A diferença entre Super-Homem e Clark Kent
Por Alexandre Inagaki ≈ segunda-feira, 11 de outubro de 2004
Um dos melhores filmes baseados em HQs é, sem dúvida nenhuma, Super-Homem, dirigido por Richard Donner em 1978. Desse longa-metragem, retive uma cena em especial na memória: quando o Super-Homem recebe a notícia da morte de sua amada Lois Lane em um terremoto. Desesperado, o super-herói voa várias e várias vezes em torno da Terra na direção inversa à sua rotação, cada vez mais rapidamente, até fazer com que o planeta passe a girar em sentido contrário. E assim, por causa de uma mulher (como diz a canção de Gilberto Gil), o Superman consegue fazer com que o tempo recue, trazendo Lois de volta à vida.
Ok, desconte-se o fato de que a História não é como uma fita cassete na qual se pode dar pause, forward ou rewind, manipulando-a cronologicamente ao gosto do freguês. Mas, liberdades científicas à parte, considero belíssima a concepção filosófica por trás dessa seqüência, na qual o Super-Homem joga todo racionalismo para o alto e usa seus poderes com o intuito egoísta (e por isso mesmo extremamente humano) de ressuscitar sua amada.

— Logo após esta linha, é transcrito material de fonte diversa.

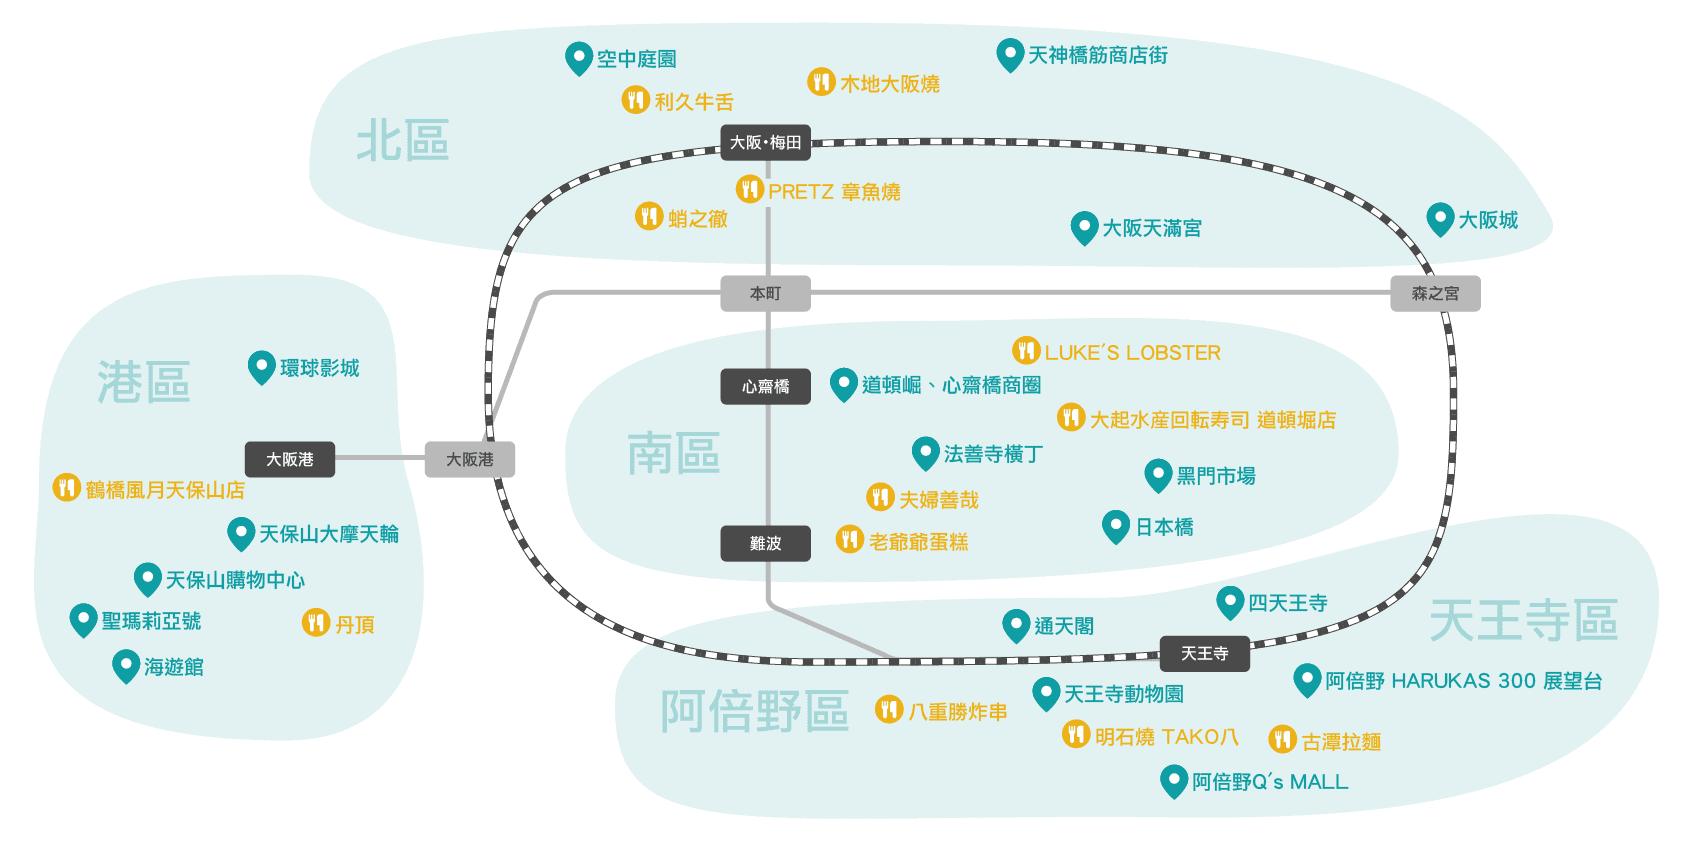 大阪景點-交通-地圖

Hoje de manhã, quando soube da morte de Christopher Reeve (1952 - 2004), não pude deixar de lembrar dessa cena, em contraste com a inexorabilidade da vida. Por coincidência ou sincronicidade, recebi ontem (antes mesmo de sabermos do falecimento de Reeve) um e-mail do meu amigo Paulo E. Miranda sugerindo que eu comentasse neste blog uma fala de Kill Bill 2 na qual o personagem de David Carradine faz a seguinte observação: “o Super-Homem não se transformou em Super-Homem, ele já nasceu assim. Seu alter ego é Clark Kent. O que Clark veste, os óculos e as roupas de trabalho, aquele é o seu uniforme, é o que o Super-Homem usa para misturar-se conosco. Clark Kent é como Superman nos vê. E quais são as suas características? Ele é fraco, inseguro… é um covarde. Clark Kent é a visão que o Super-Homem possui da raça humana”.
Antes de mais nada, vale a pena ressaltar que o diálogo redigido por Quentin Tarantino foi 99% inspirado por uma tese escrita por Jules Feiffer em seu livro “The Great Comic Book Heroes”, publicado em 1965. Não sei se concordo com a fala de Carradine, mas subscrevo na íntegra a bela sacada de Feiffer: não era Clark Kent quem usava o uniforme de Super-Homem, e sim o super-herói quem se fantasiava sob os trajes de um jornalista tímido e medroso. Quanto à suposta visão crítica que o Superman teria sobre a raça humana, duvido sinceramente que esse baluarte da América fosse capaz de ter um olhar tão cínico a nosso respeito, por mais verdadeiro que possa ser.